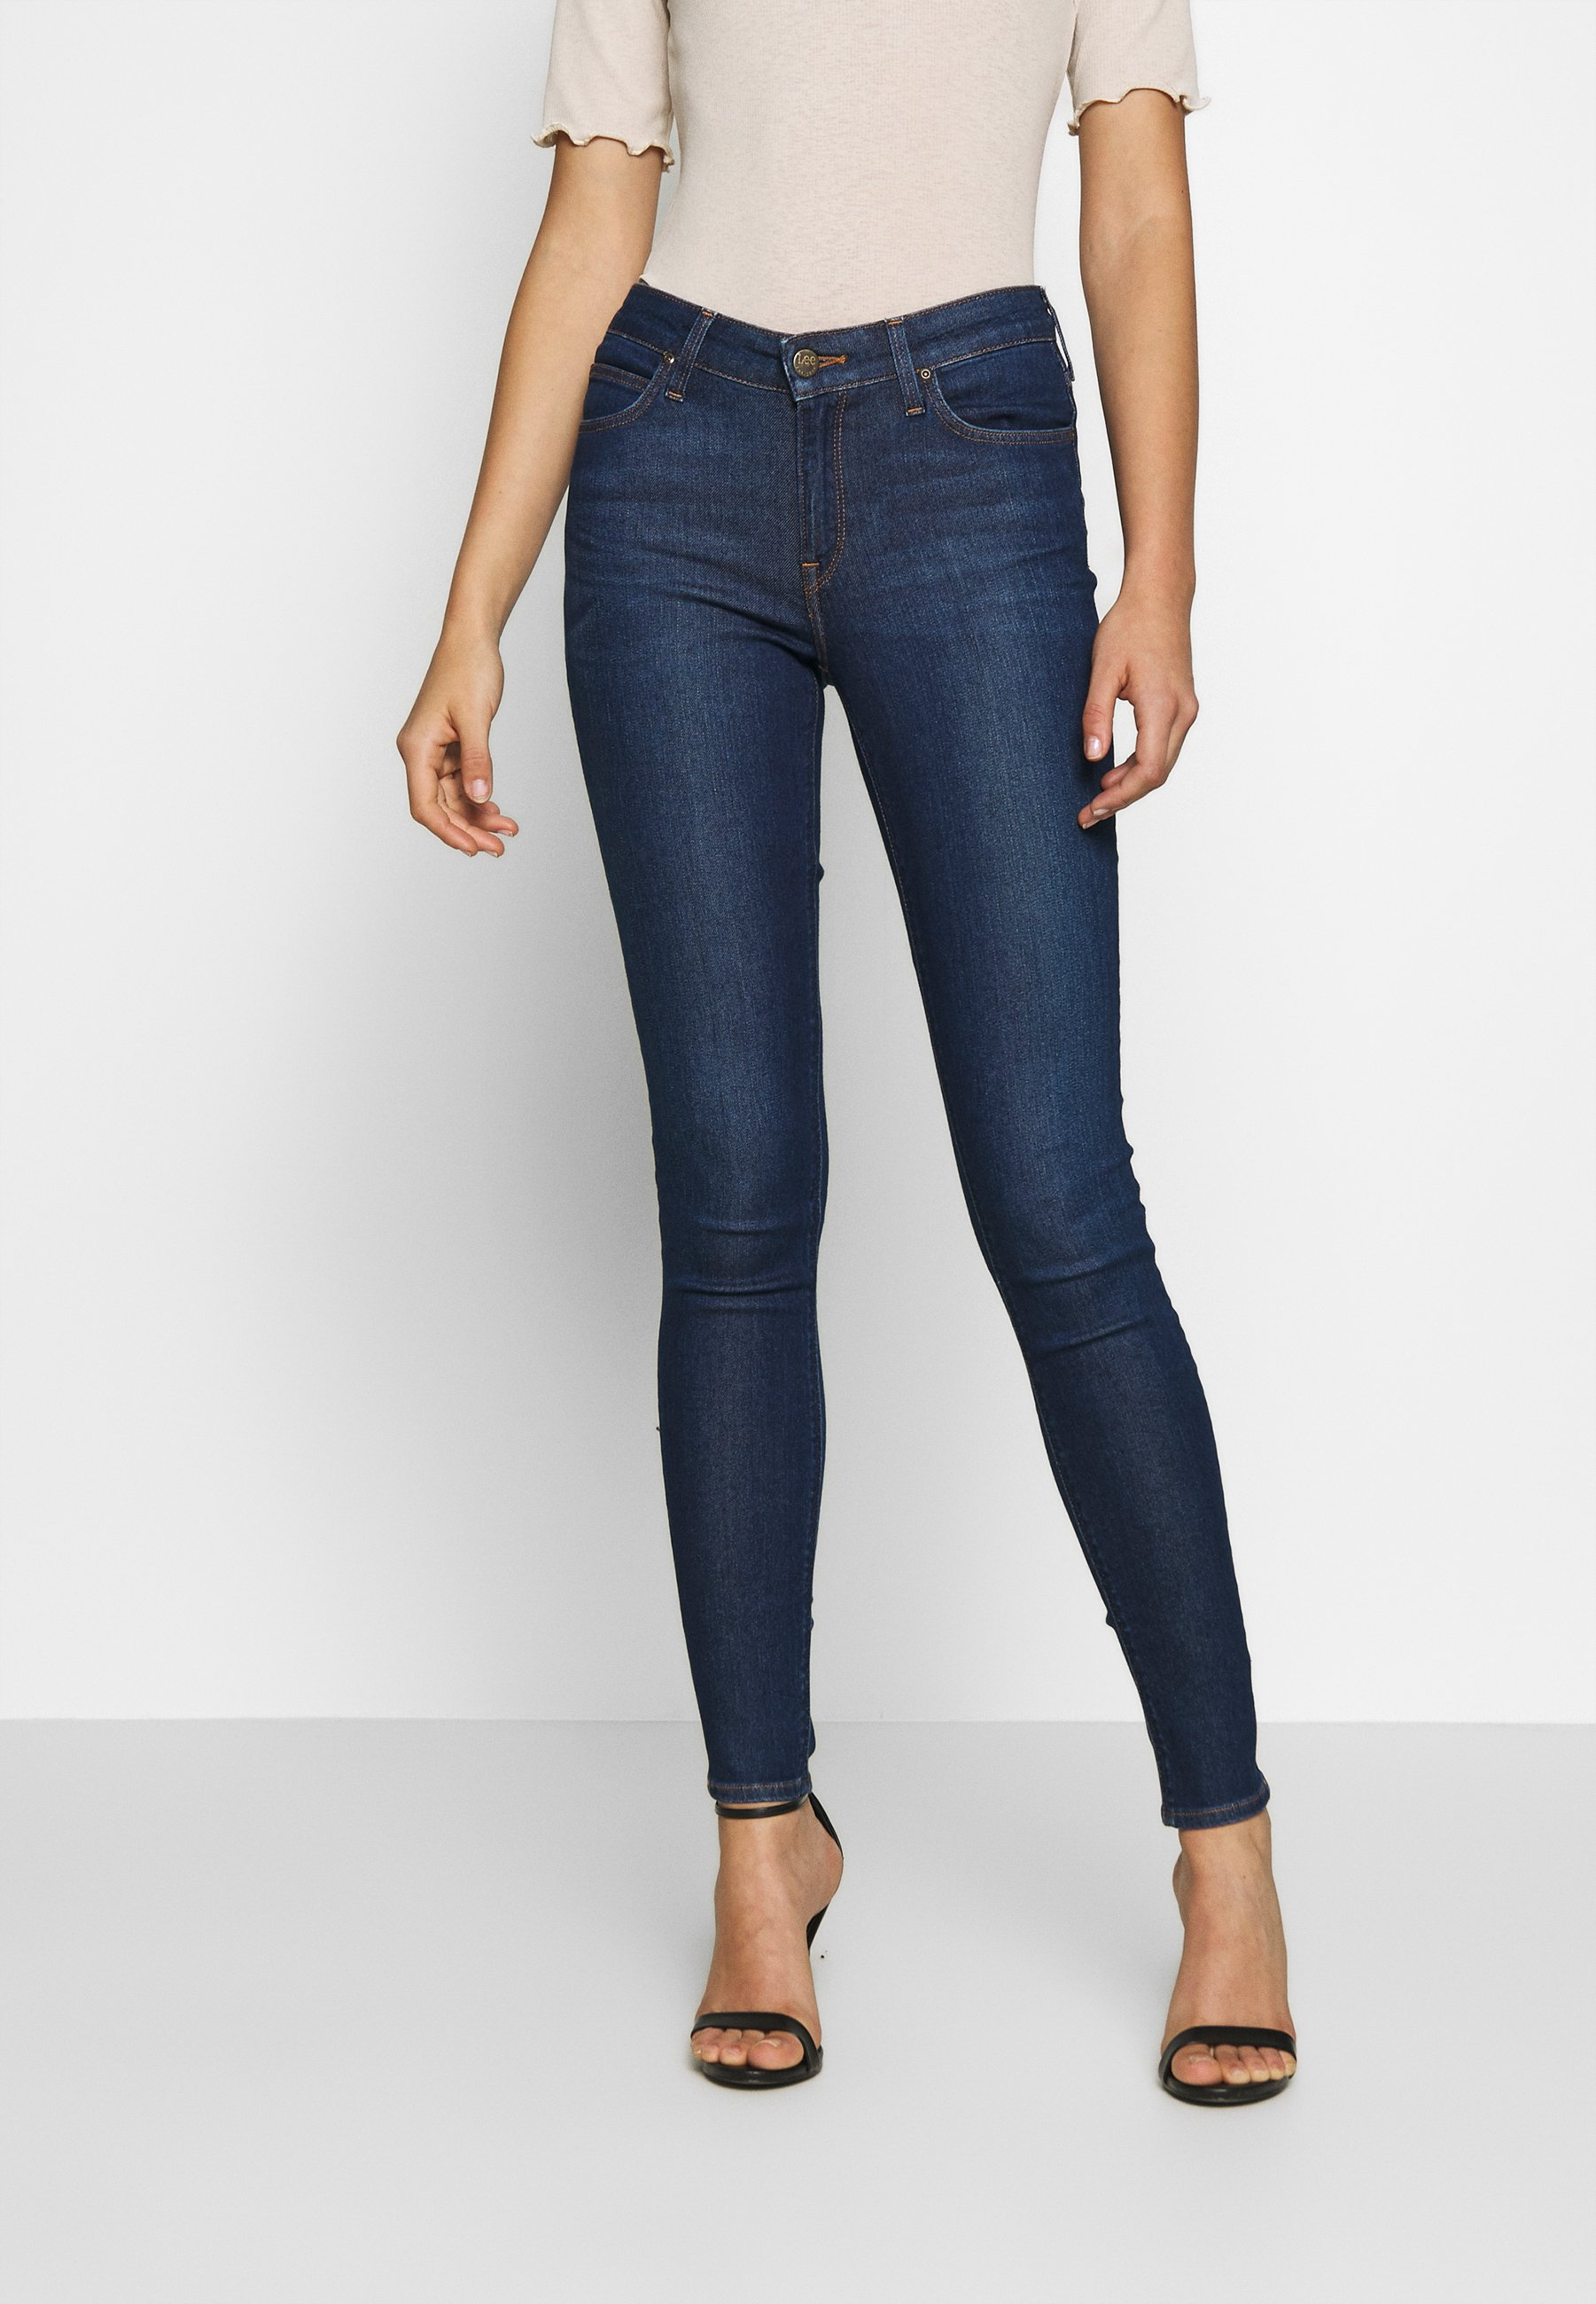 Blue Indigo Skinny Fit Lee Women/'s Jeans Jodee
-------------------------
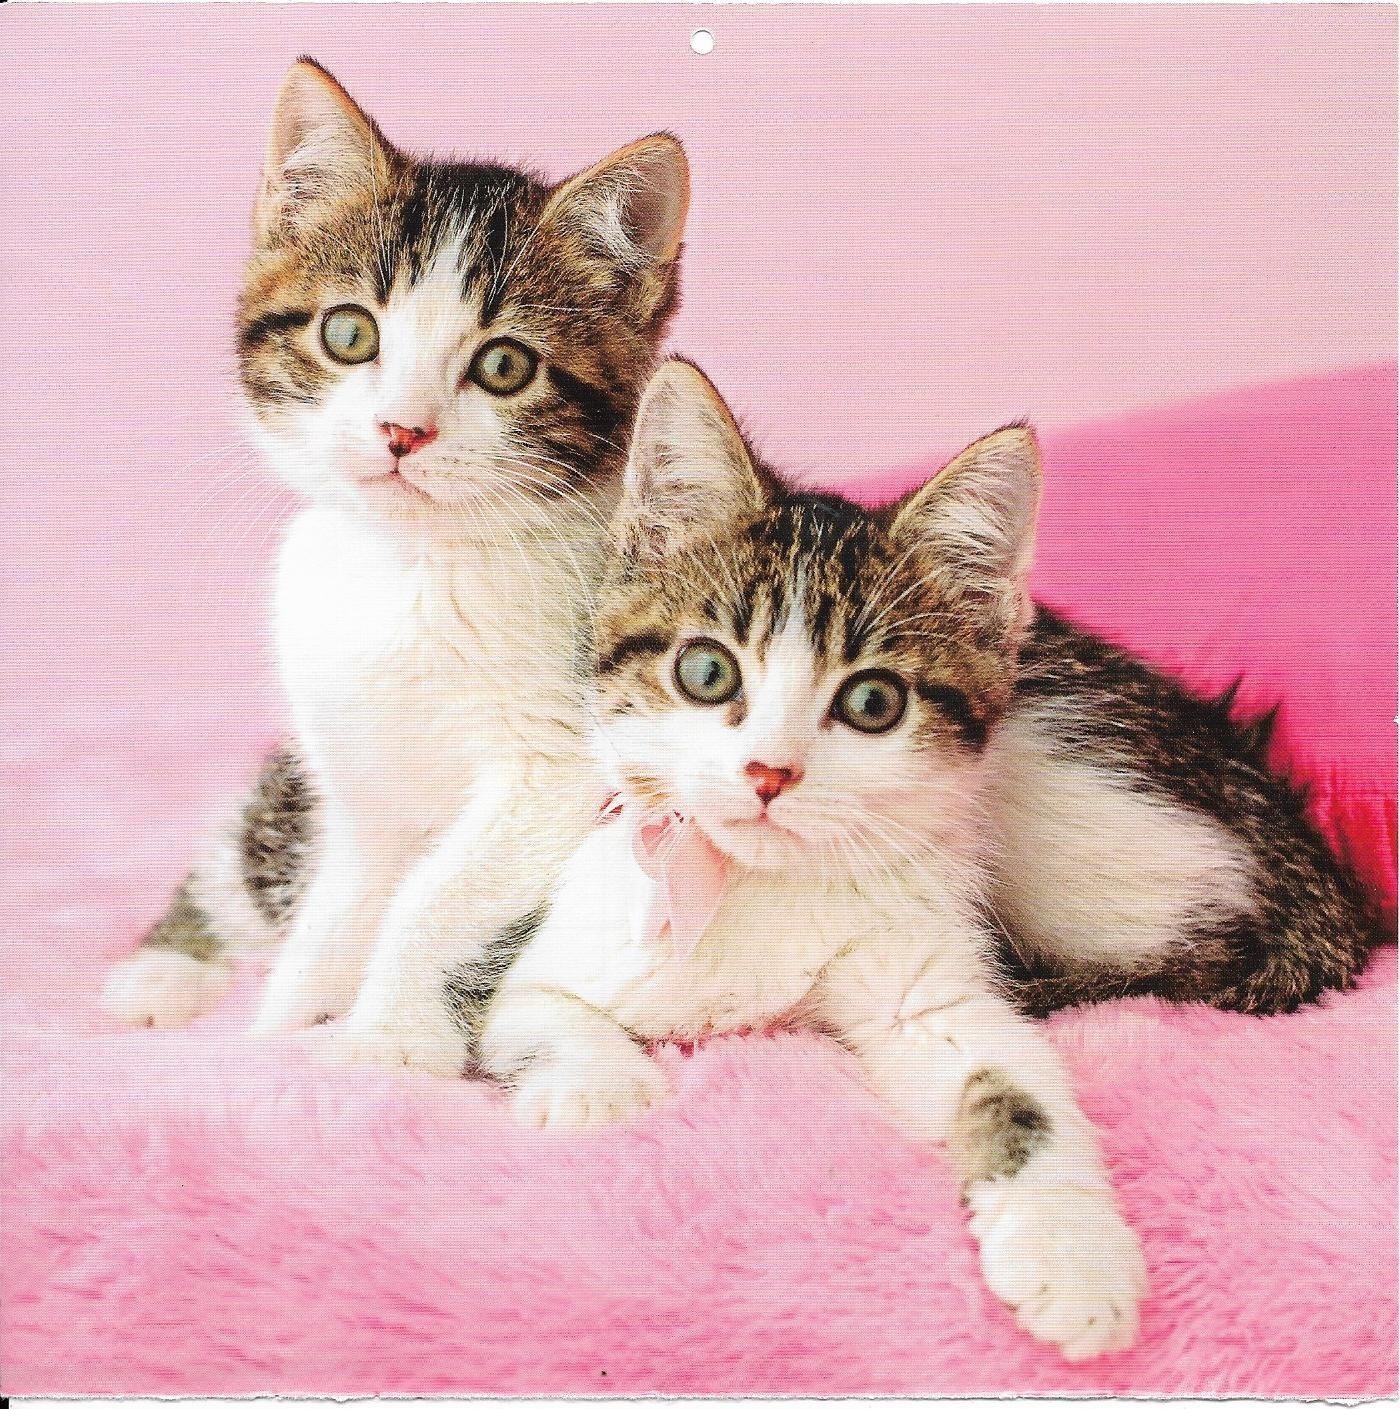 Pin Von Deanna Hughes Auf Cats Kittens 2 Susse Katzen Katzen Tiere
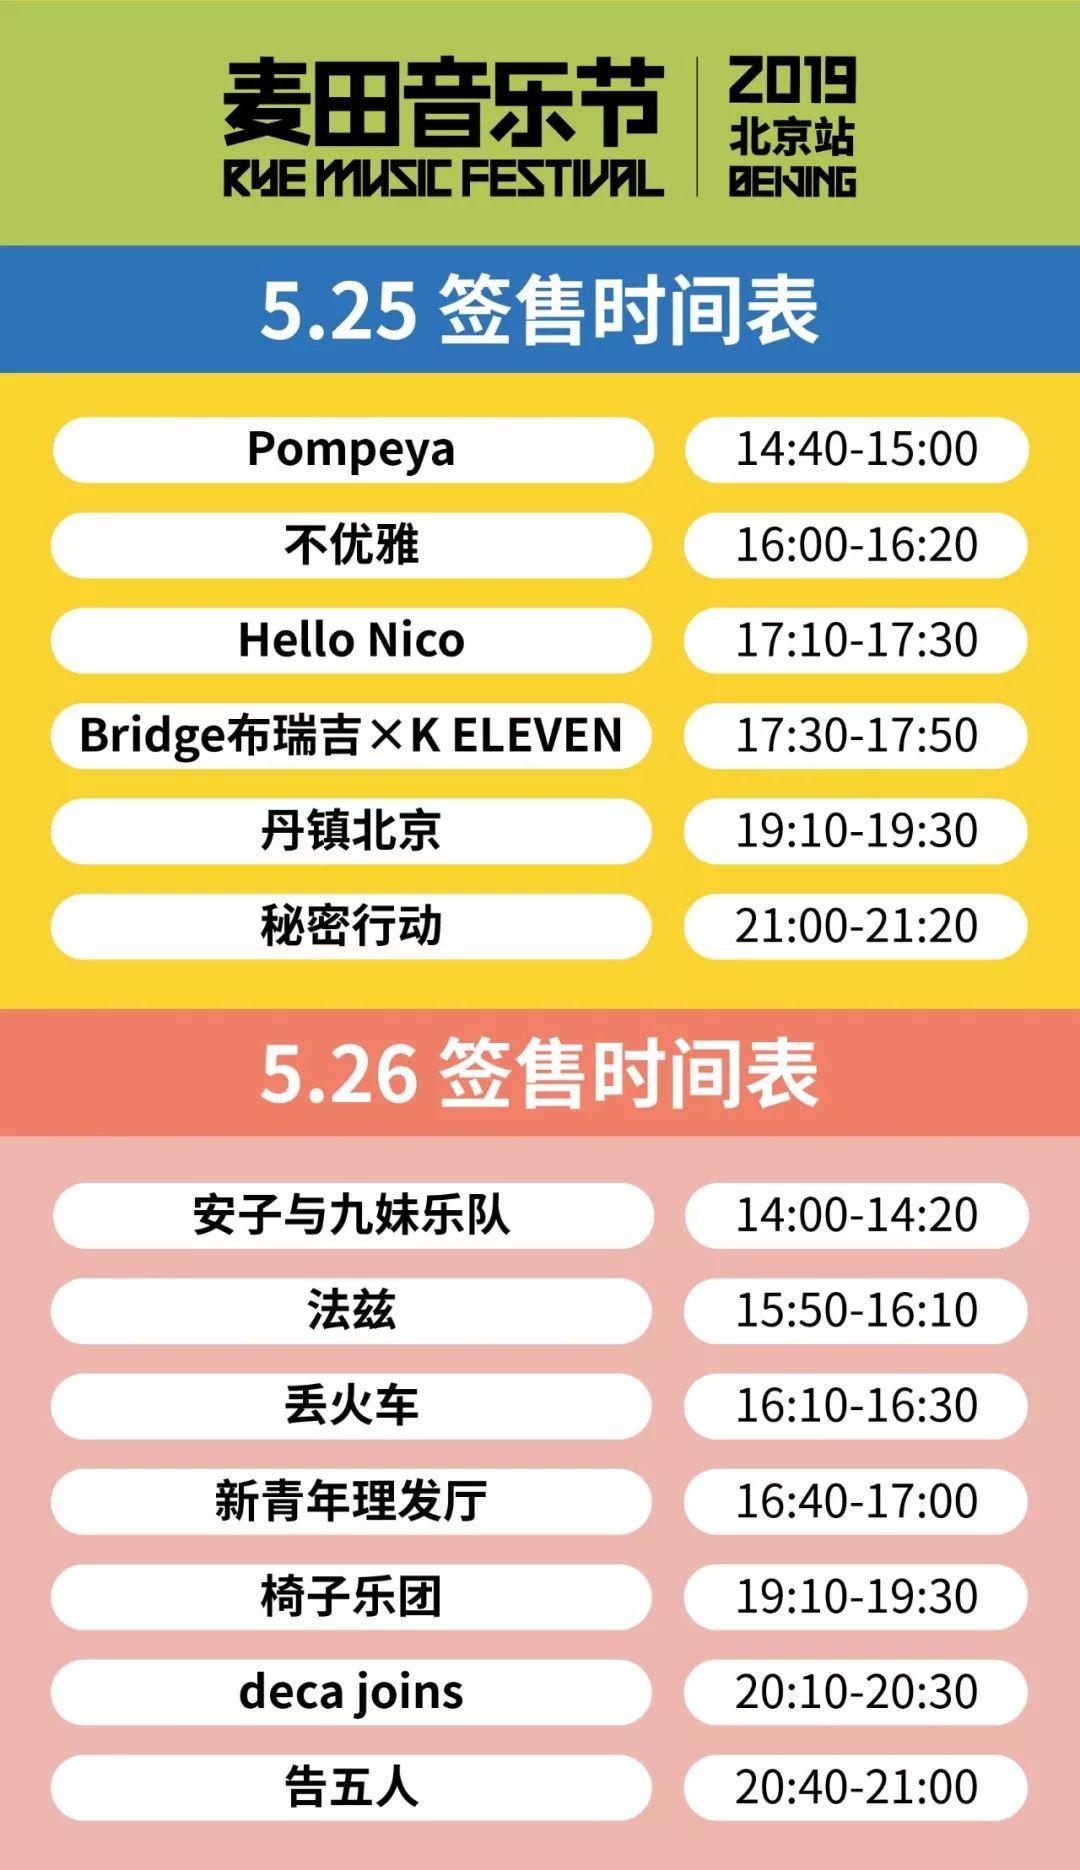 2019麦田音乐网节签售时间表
-------------------------
→ Exercise
Give back, exactly and without pictures, the stretch of the records above from the line containing "Pin Von Deanna" through the line containing "2019麦田音乐网节签售时间表", with both end lines included.

→ Reply
 Pin Von Deanna Hughes Auf Cats Kittens 2 Susse Katzen Katzen Tiere
 2019麦田音乐网节签售时间表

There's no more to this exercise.